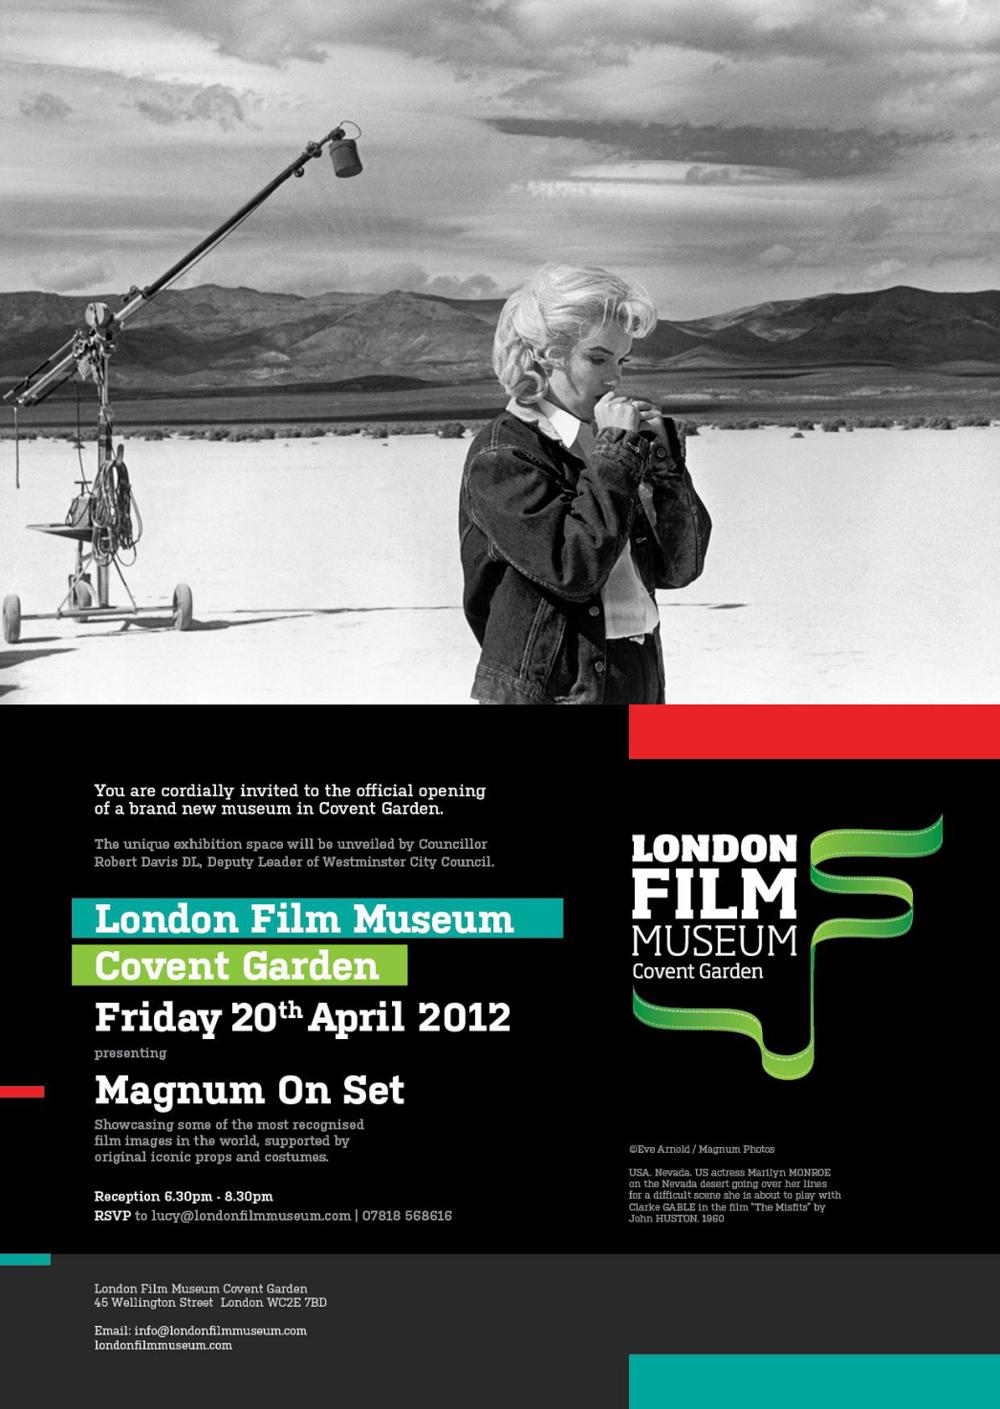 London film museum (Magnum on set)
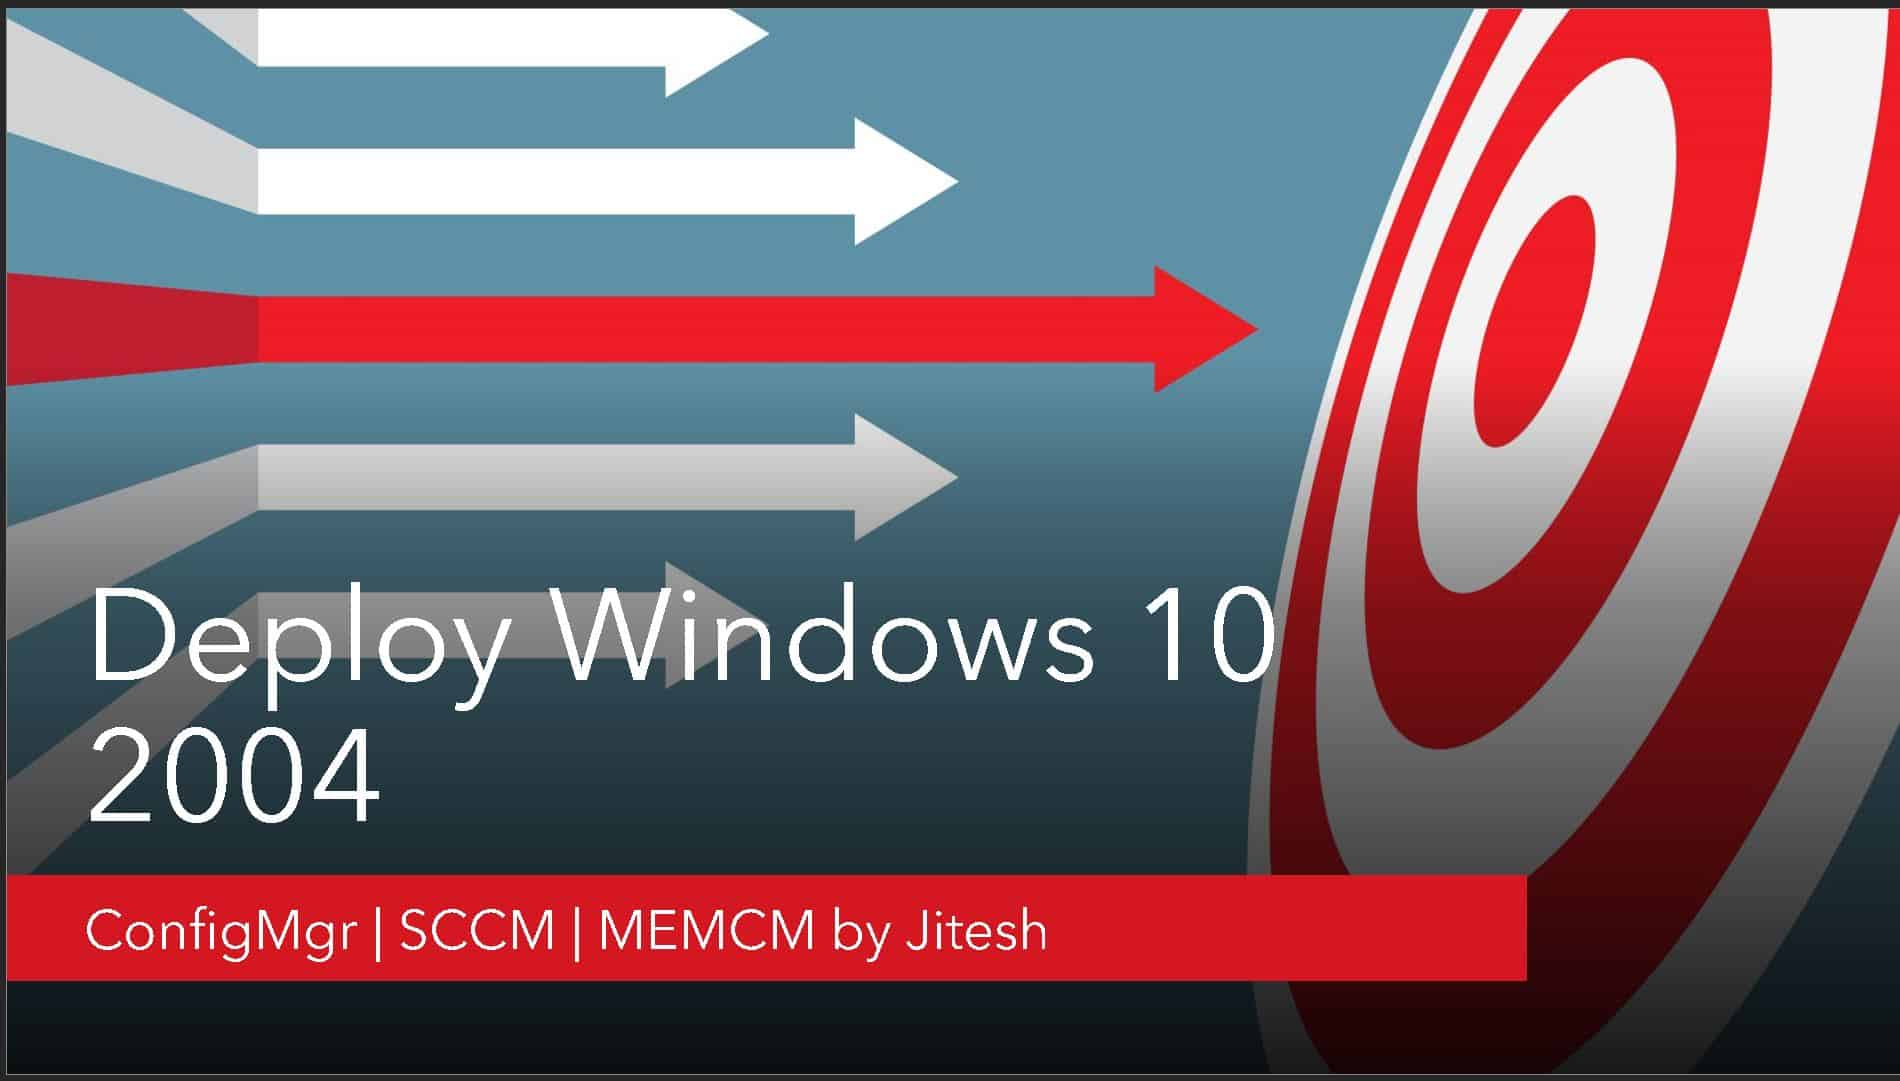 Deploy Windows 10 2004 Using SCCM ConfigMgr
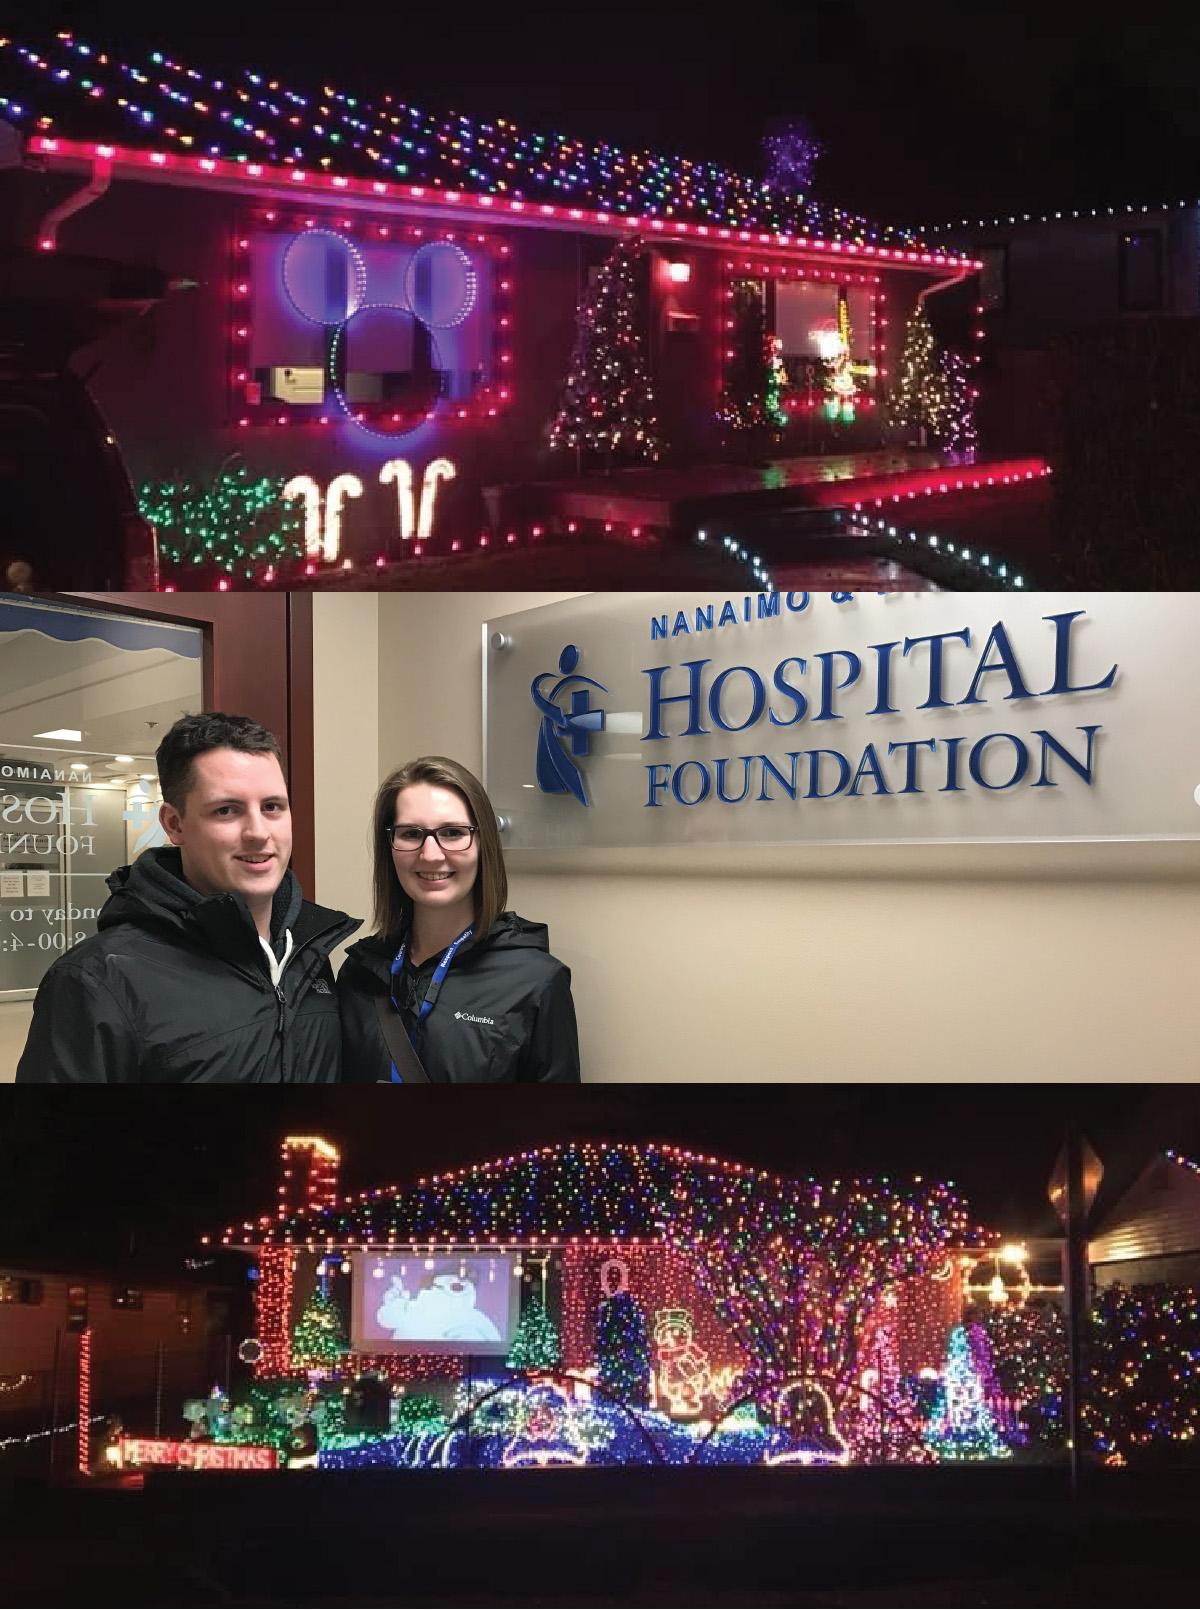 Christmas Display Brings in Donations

——

◆ **ASSIGNED TASK**: Down to the last line, reproduce the material above exactly; skip its images.

◆ **EXPECTED OUTPUT**:
 London film museum (Magnum on set)
 Deploy Windows 10 2004 Using SCCM ConfigMgr
 Christmas Display Brings in Donations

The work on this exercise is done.